Kegiatan yang berlangsung di salah satu bangunan bersejarah tersebut tidak hanya menjadi forum edukasi, tetapi juga momentum strategis untuk memperkuat kepercayaan publik terhadap lembaga keuangan syariah di tengah kondisi ekonomi yang masih dalam fase pemulihan.
Direktur Utama BPRS Bhakti Sumekar, H. Hairil Fajar, menegaskan bahwa keberadaan BPR Syariah harus mampu menjadi garda terdepan dalam mendorong inklusi keuangan, khususnya bagi masyarakat di sektor usaha mikro, kecil, dan menengah (UMKM).
“Talk show ini menjadi langkah konkret kami untuk mendekatkan BPR Syariah kepada masyarakat, sekaligus memperkuat kepercayaan publik terhadap sistem keuangan yang berlandaskan prinsip syariah,” ujarnya.
Ia mengungkapkan, saat ini BPR Syariah berada di bawah koordinasi BMS dengan total sekitar 165 unit di seluruh Indonesia, termasuk 26 unit yang tersebar di Jawa Timur. Jumlah tersebut menjadi potensi besar untuk memperluas jangkauan layanan keuangan yang inklusif dan berkeadilan.
Lebih lanjut, Fajar menekankan bahwa konsep keuangan syariah sejatinya telah lama hidup dan berkembang di tengah masyarakat Indonesia. Nilai-nilai muamalah seperti sistem bagi hasil, menurutnya, sudah menjadi praktik yang familiar, terutama di sektor pertanian dan peternakan.
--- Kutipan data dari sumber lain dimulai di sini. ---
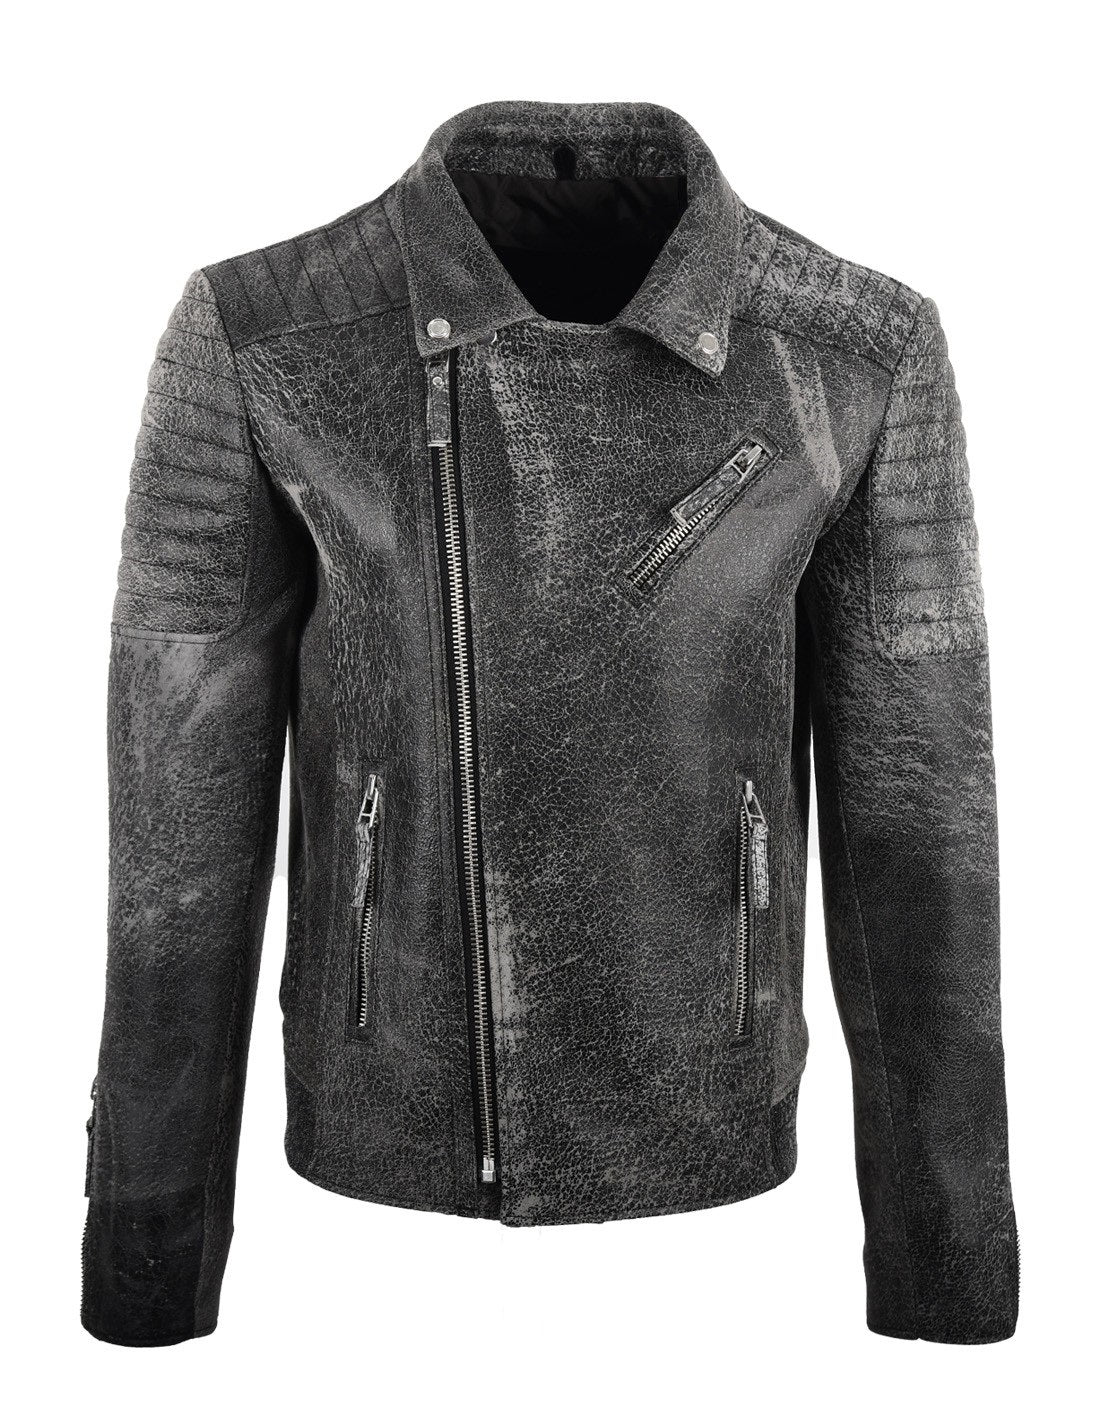 Men's Biker Crackle Style Leather Jacket

“Prinsip keadilan dalam sistem bagi hasil bukan hal baru. Masyarakat kita sudah lama menerapkannya dalam kehidupan sehari-hari. Inilah yang membuat keuangan syariah sangat relevan dan mudah diterima,” jelasnya.
Ia juga menyoroti posisi ekonomi syariah sebagai alternatif di tengah dinamika sistem ekonomi global. Menurutnya, ekonomi syariah mampu menghadirkan keseimbangan antara kebebasan ekonomi ala kapitalisme dan pemerataan ala sosialisme, dengan mengedepankan nilai keadilan, etika, dan kemaslahatan bersama.
Tak hanya itu, kegiatan ini juga menjadi ajang kolaborasi berbagai pihak, mulai dari jajaran pimpinan BPRS hingga para tamu undangan yang turut memberikan dukungan terhadap penguatan literasi keuangan syariah di daerah.
Suasana semakin semarak dengan sentuhan seni budaya lokal yang ditampilkan, memperkuat nuansa khas Sumenep sekaligus menegaskan bahwa pengembangan ekonomi dapat berjalan seiring dengan pelestarian budaya.
Melalui kegiatan ini, BPRS Bhakti Sumekar berharap masyarakat semakin memahami pentingnya inklusi keuangan syariah sebagai solusi menghadapi tantangan ekonomi global, sekaligus mendorong terciptanya sistem perekonomian yang lebih tangguh, adil, dan berkelanjutan di Kabupaten Sumenep.